* **Requirement**
Repeat the stretch of entries below from the line with "Inkdrop_Puniu_River_Care_Website_Branding-2.jpg" through the line with "Optimalizované pre Series". Include both ends and add nothing.

[The data — start]

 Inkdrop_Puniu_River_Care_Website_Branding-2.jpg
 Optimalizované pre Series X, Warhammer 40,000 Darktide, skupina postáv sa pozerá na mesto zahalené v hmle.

[The data — finish]
[The data — start]

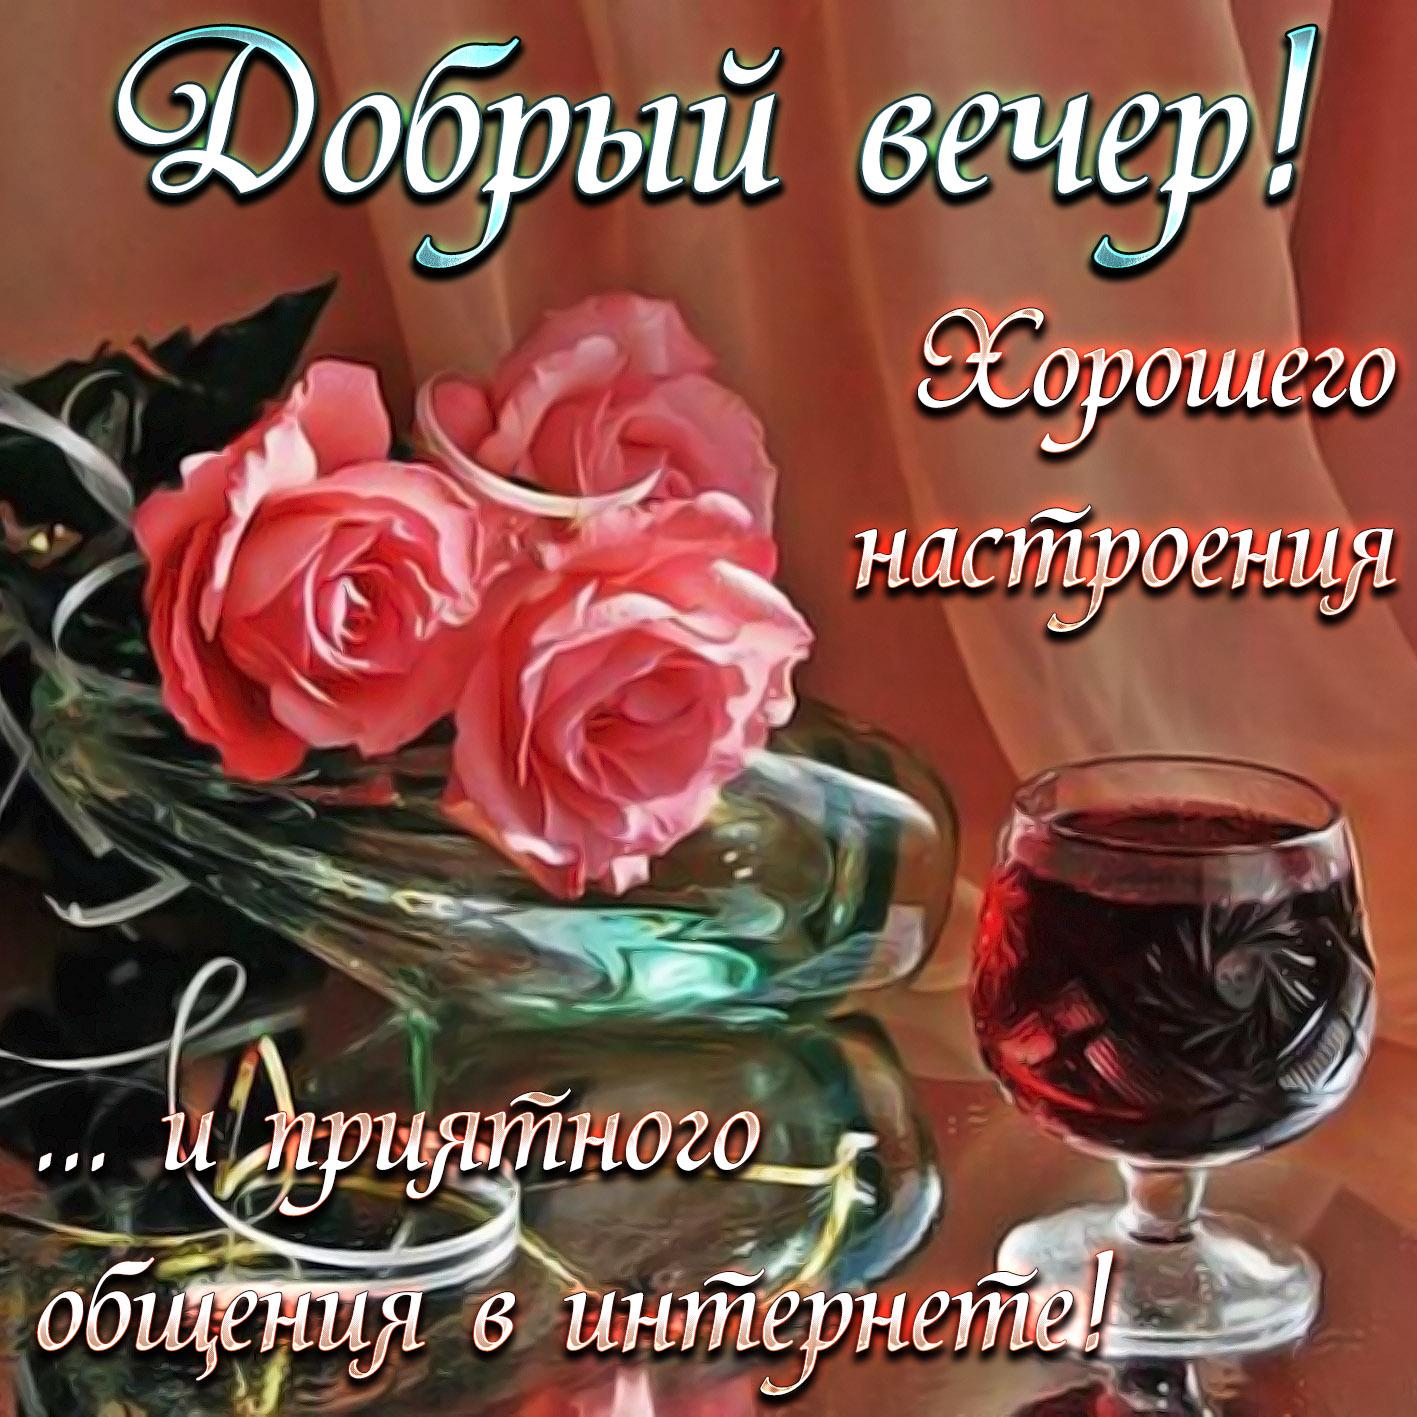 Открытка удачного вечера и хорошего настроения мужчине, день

[The data — finish]

* **The completed task**
 Inkdrop_Puniu_River_Care_Website_Branding-2.jpg
 Optimalizované pre Series X, Warhammer 40,000 Darktide, skupina postáv sa pozerá na mesto zahalené v hmle.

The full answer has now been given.